Why does value iteration converge?

$V^*(s)$ represents the expected sum of rewards starting from state $s$ and acting optimally over infinite steps. Similarly, $V^*_H(s)$ is the expected sum of rewards starting from state $s$ and acting optimally over $H$ steps. The additional rewards collected beyond $H$ steps can be expressed as a geometric series, discounted by $\gamma$ :

\begin{gather*} \gamma^{H+1}R(s_{H+1})+\gamma^{H+2}R(s_{H+2})+\cdots \le \gamma^{H+1}R_{\max} + \gamma^{H+2}R_{\max} + \cdots =\\ = \frac{\gamma^{H+1}}{1-\gamma}R_{\max} \end{gather*}

Where $R_{\text{max}}$ is the maximum possible reward. As the horizon $H$ increases, $\gamma^{H+1}$ shrinks because $\gamma$ is less than 1. Consequently, the difference between the optimal value $V^*$ for infinite horizon and the optimal value $V^*_H$ for finite horizon $H$ decreases, becoming negligible as $H$ grows larger. This guarantees that value iteration converges, as the difference between $V^*$ and $V^*_H$ approaches zero.

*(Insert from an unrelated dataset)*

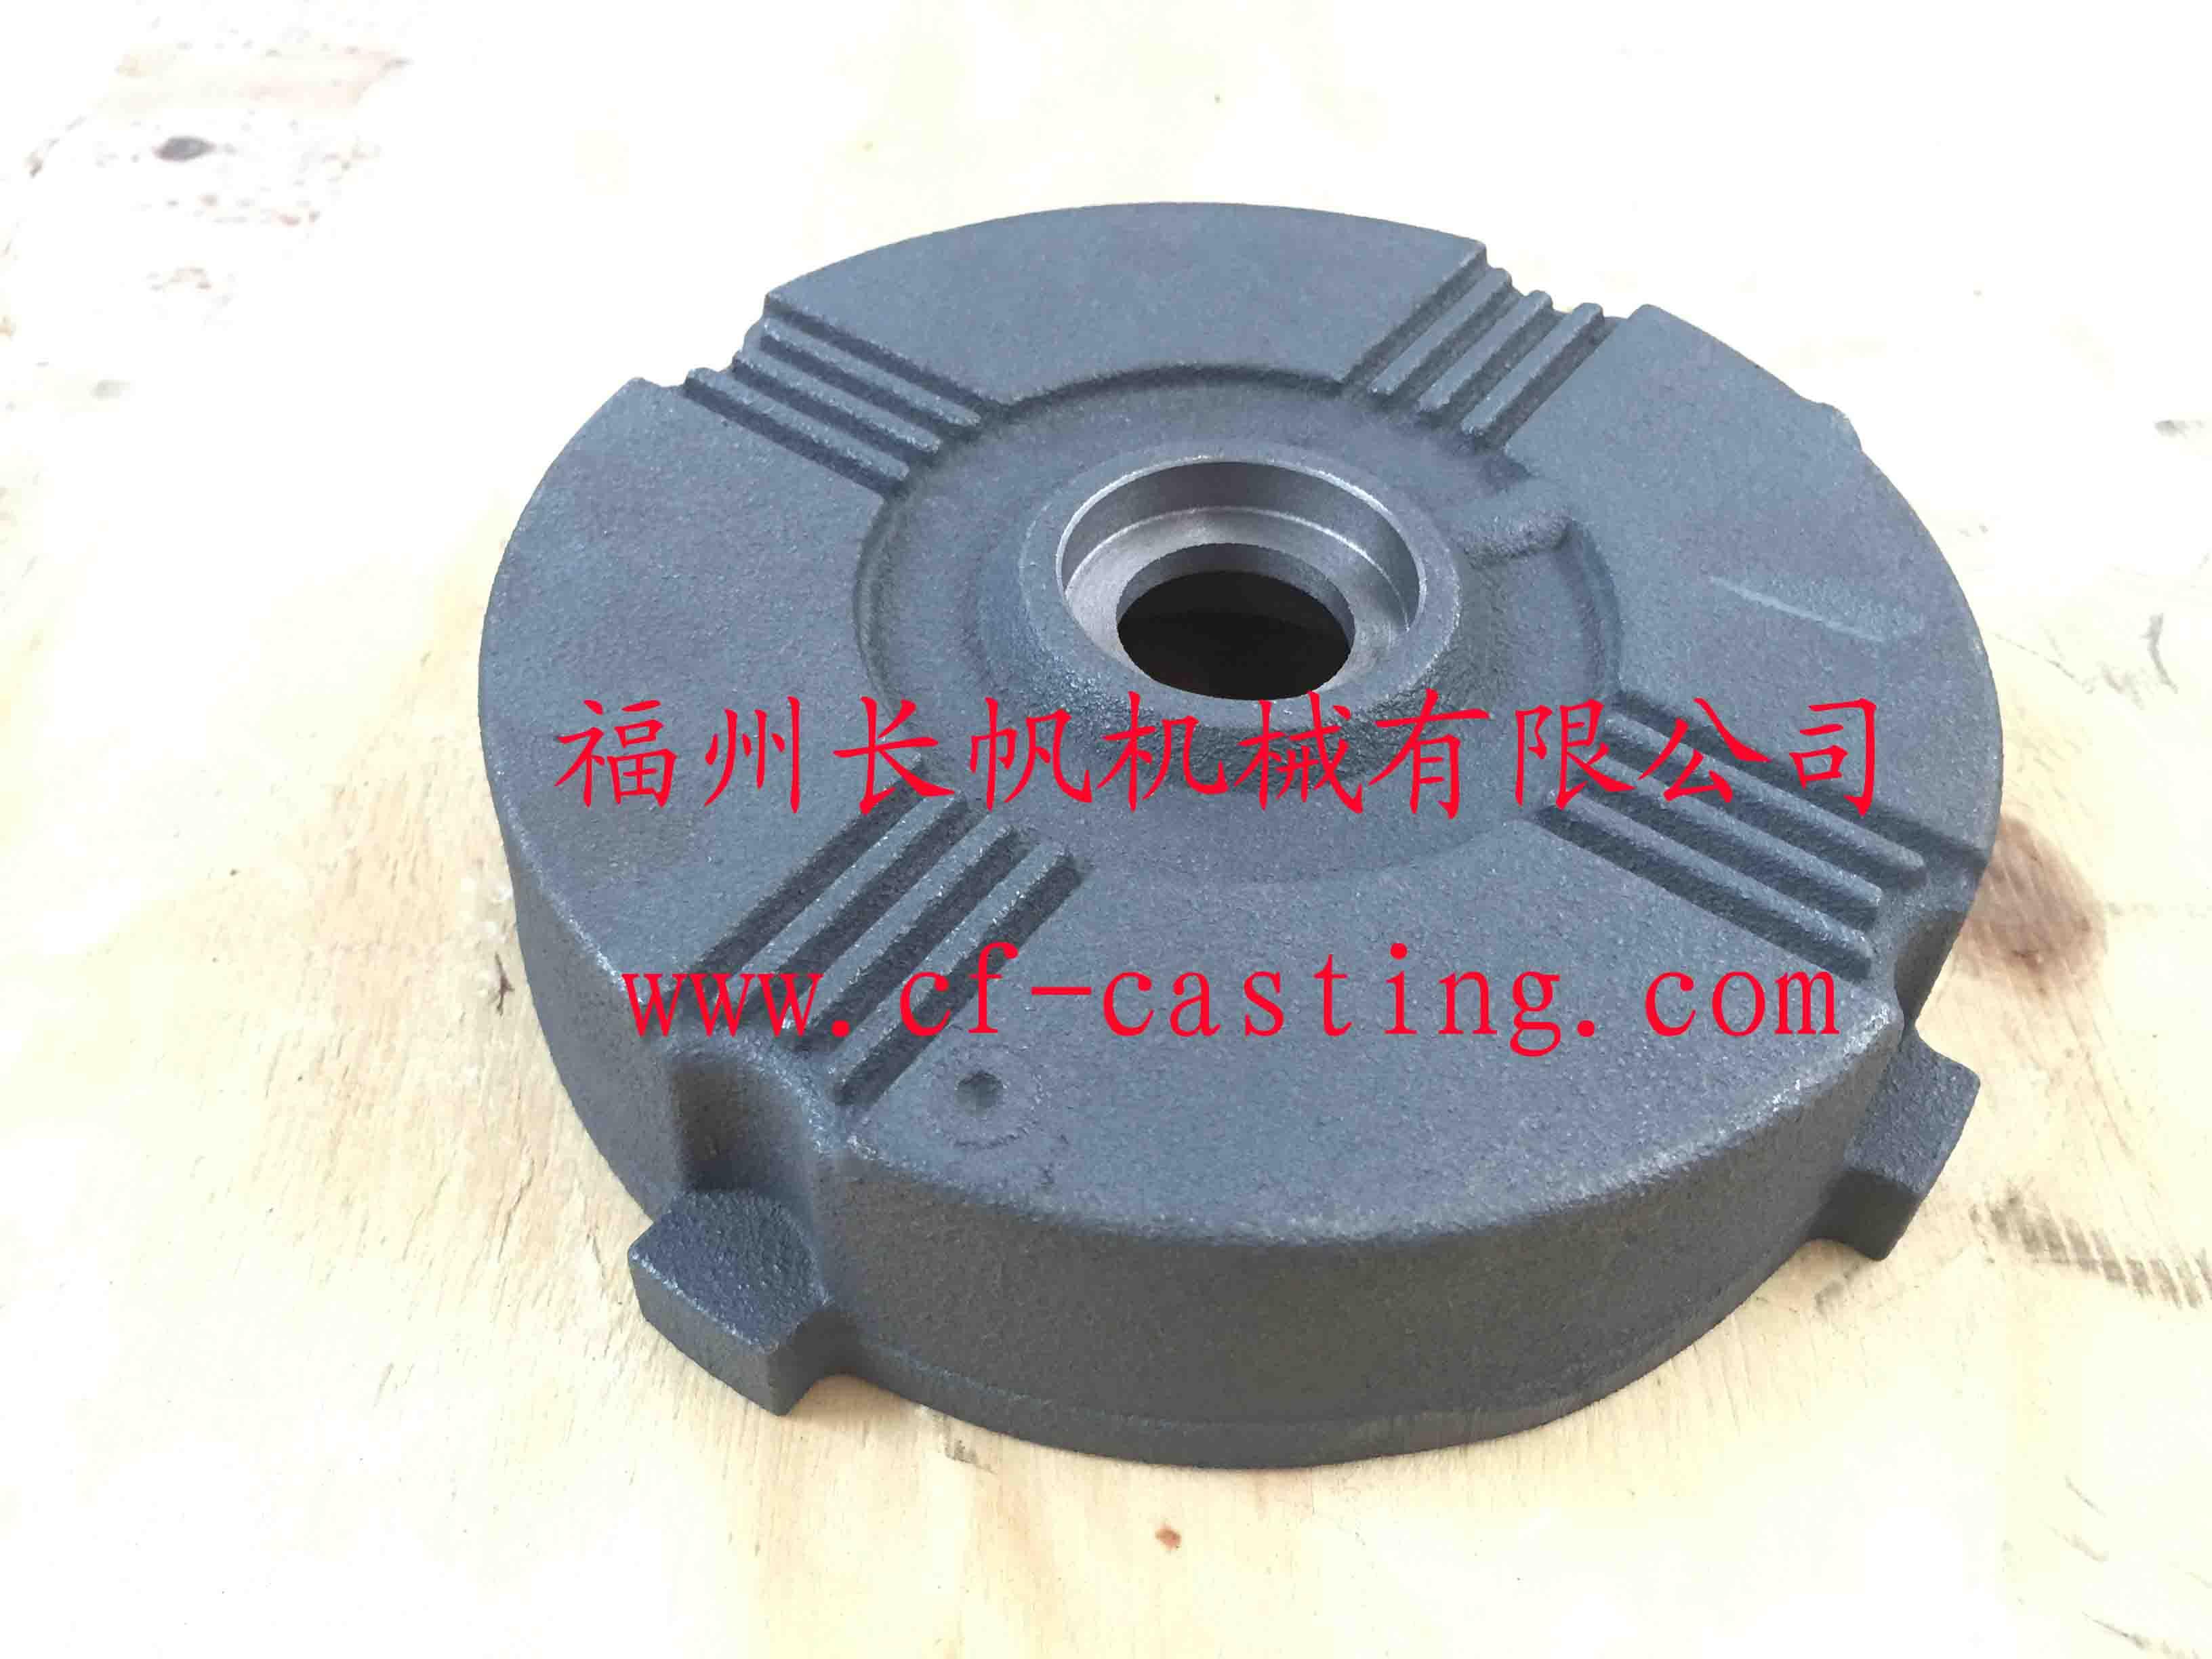 WEA90工业电机后盖  CF 长帆 CF灰铁铸造 CF灰铁铸件 CF水泵铸造铸件

Convergence through Contractions

Another way to understand the convergence of value iteration is through contractions. The key idea involves defining a norm, such as the max norm:

||U|| = \max_s |U(s)|

Where the max norm of a vector is the maximum absolute value among all its entries.

An update operation is a $\gamma$ -contraction in the max norm if, for any two vectors $U_i$ and $V_i$ , the updated vectors $U_{i+1}$ and $V_{i+1}$ are closer together by a factor of $\gamma$ compared to the original vectors $U_i$ and $V_i$ .

||U_{i+1}-V_{i+1}|| \le \gamma ||U_i-V_i||

A theorem states that a contraction converges to a unique fixed point regardless of initialization. Intuitively, this means that no matter where you start, the vectors get pulled closer together over time, eventually converging to the same point.

Value iteration is a $\gamma$ -contraction in the max norm. When applying a Bellman update to two different starting points, the resulting value functions are brought closer together. As a contraction, running the updates long enough ensures convergence to the optimal value function, $V^*$ .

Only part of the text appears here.